Congressional Report Finds FDA Ignored Agency Protocols in Approving Biogen’s Aduhelm Alzheimer’s Drug

Concerns have been raised about whether federal drug regulators failed to follow their own standard protocols when approving the controversial Alzheimer’s disease drug Aduhelm, after a new Congressional report suggests that the FDA had an unusually close relationship with Biogen, the manufacturer.

Aduhelm became the first novel therapy approved for the treatment of Alzheimer’s since 2003, after it was granted approval through the FDA’s Accelerated Approval Program in June 2022. The drug is designed to reduce the presence of amyloid beta plaques in the brain, which are believed to be linked to the progression of the disease. However, the decision to approve the medication immediately raised questions, since it followed the unanimous recommendation against approval by a panel of independent advisors to the FDA, due to questions about Aduhelm’s effectiveness treating Alzheimer’s.

Following an 18 month investigation that looked into why the drug was approved, a joint report was released this week by the U.S. House of Representative’s Committee on Oversight and Reform, and Committee on Energy and Commerce, titled “The High Price of Aduhlem’s Approval” (PDF), highlighting the overly cozy releationship between the FDA and Biogen.

The agency’s approval led to several members of the FDA’s Peripheral and Central Nervous System Drugs Advisory Committee resigning in protest, and several congressional committees are looking into the decision.
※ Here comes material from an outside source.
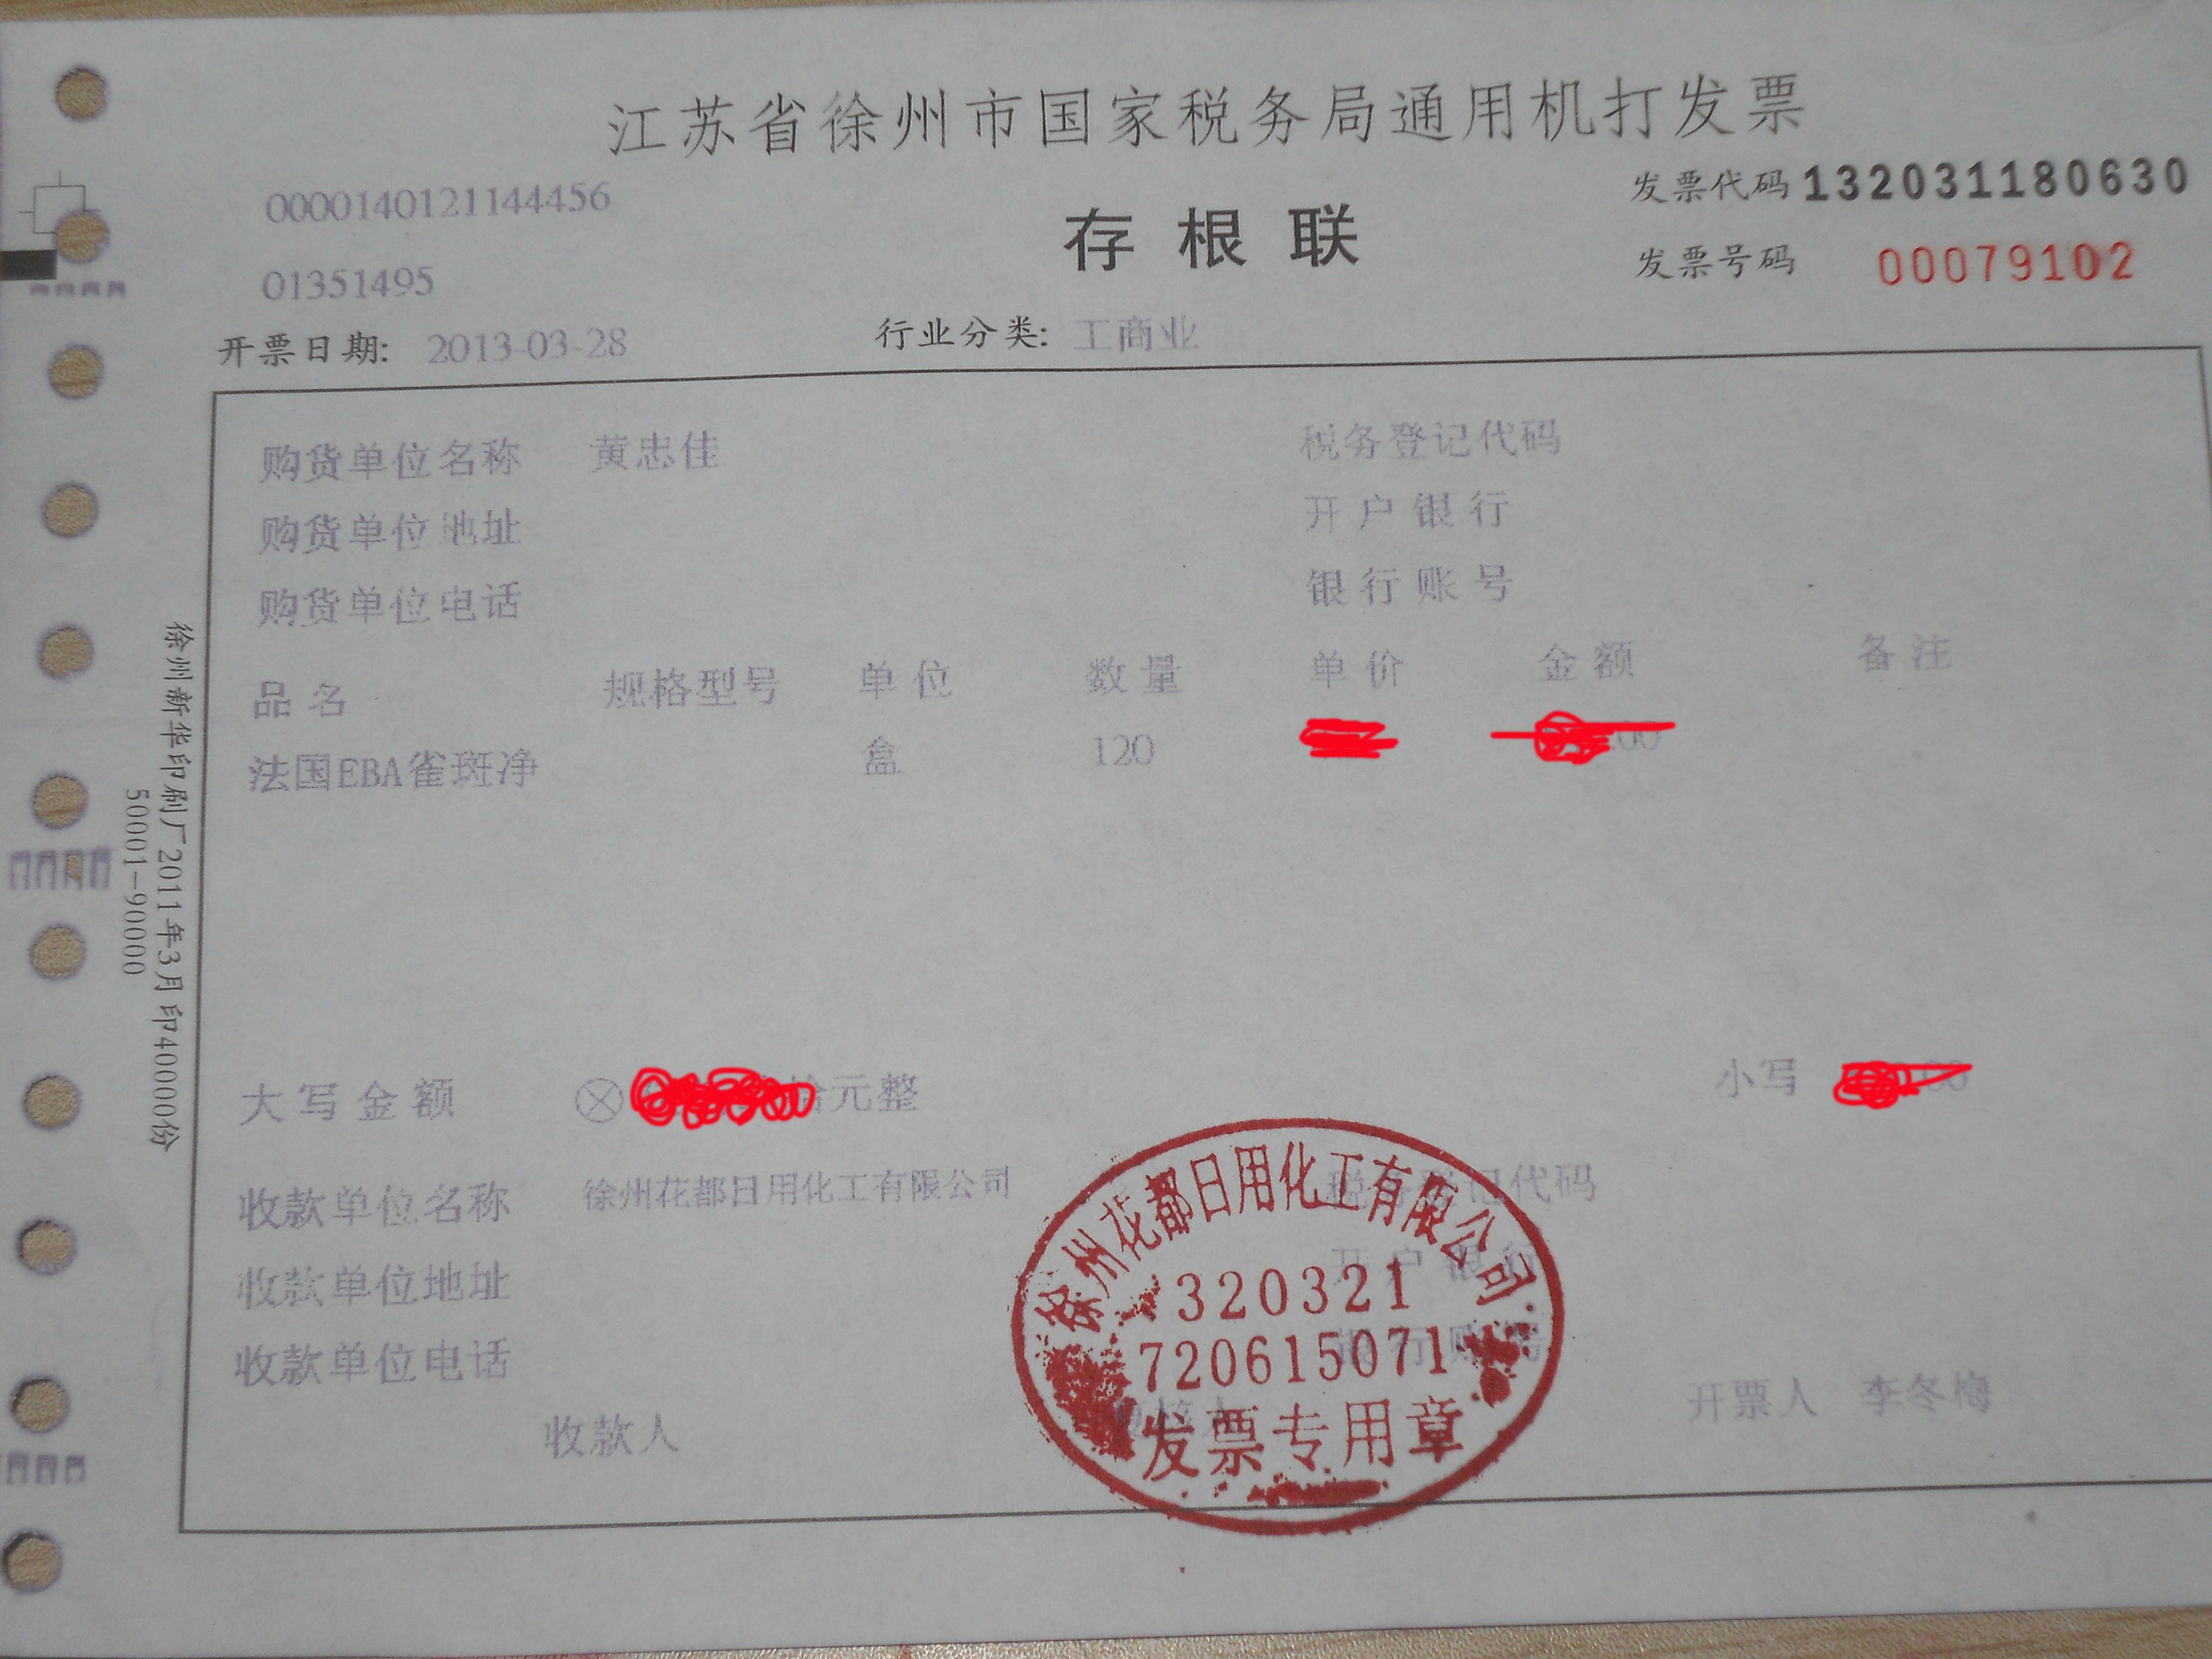 四川国税机打发票,有专用发票,还有通用机打发票,要怎么才能拿到以

The agency has since faced a number of serious questions, such as why the FDA approved the drug when its own experts said it should not, and whether there was an improper working relationship between the agency and the drug’s manufacturer, Biogen.

Lawmakers Question FDA, Biogen Relationship and Aduhelm Approval

House staffers reviewed more than 500,000 pages on documents and held multiple briefings with the FDA.

“The Committees’ review of these materials reveals that FDA’s review and approval of Aduhelm consisted of atypical procedures and deviated from the agency’s own guidance,” the report determines. “These materials also reveal that Biogen had aggressive launch plans for Aduhelm – including in its label and pricing – despite concerns about efficacy, safety, and affordability.”

The House report notes that the FDA’s accelerated approval of Aduhelm occurred despite the fact that Biogen had cancelled clinical trials for the Alzheimer’s drug in March 2019. Aduhelm is supposed to reduce amyloid beta plaque in the brain, but an independent report at the time found it was unlikely to be a benefit to Alzheimer’s patients and determined no further clinical trials should be conducted.

However, just three months after the clinical trials were cancelled, FDA staff members and Biogen formed a “working group” which engaged in at least 115 meetings, calls and email discussions over the next year. At least 40 of those meetings were focused on dragging Aduhelm through the approval process despite evidence the drug just did not work. The House investigators found some of the meetings were not properly documented according to FDA protocols, raising suspicions.

The report determined that the FDA’s interactions with Biogen were atypical, failing to follow the agency’s documentation protocol on many occasions, making it hard to determine what happened at those meetings. At least 40 working group meetings between FDA staff and Biogen, 66 phone calls and a substantial number of email exchanges were not properly documented, House staffers determined.

House investigators also found that the FDA and Biogen inappropriately collaborated to create a joint briefing document for the FDA Advisory Committee. Even that was not enough to prevent the FDA’s advisors from resoundingly rejecting Aduhelm, which did not stop the FDA from approving it.

“The Committees obtained evidence that FDA and Biogen staff worked closely for several months ahead of the November 6, 2020, PCNS Advisory Committee meeting to prepare the joint briefing document for the Committee’s review,” the investigators wrote. “Documents show that using a joint briefing document afforded Biogen advance insight into FDA’s responses and direct guidance from the agency in drafting the company’s own sections.”

Despite the failed clinical trials, and despite the rejection by the FDA’s own panel of advisors, the agency granted Aduhelm accelerated approval anyway, and then when the drug came out, investigators found that Biogen planned to set an unusually high price of $56,000 per year for treatment. Then the company planned to spend $3.3 billion to market the drug, which is three times how much it cost to develop.

“The findings in this report raise serious concerns about FDA’s lapses in protocol and Biogen’s disregard of efficacy and access in the approval process for Aduhelm,” the report concludes “The criticism surrounding Aduhelm’s approval pay have been avoided had FDA adhered to its own guidance and internal practices. FDA must take swift action to ensure that its process for reviewing future Alzheimer’s disease treatments do not lead to the same doubts about the integrity of FDA’s review.”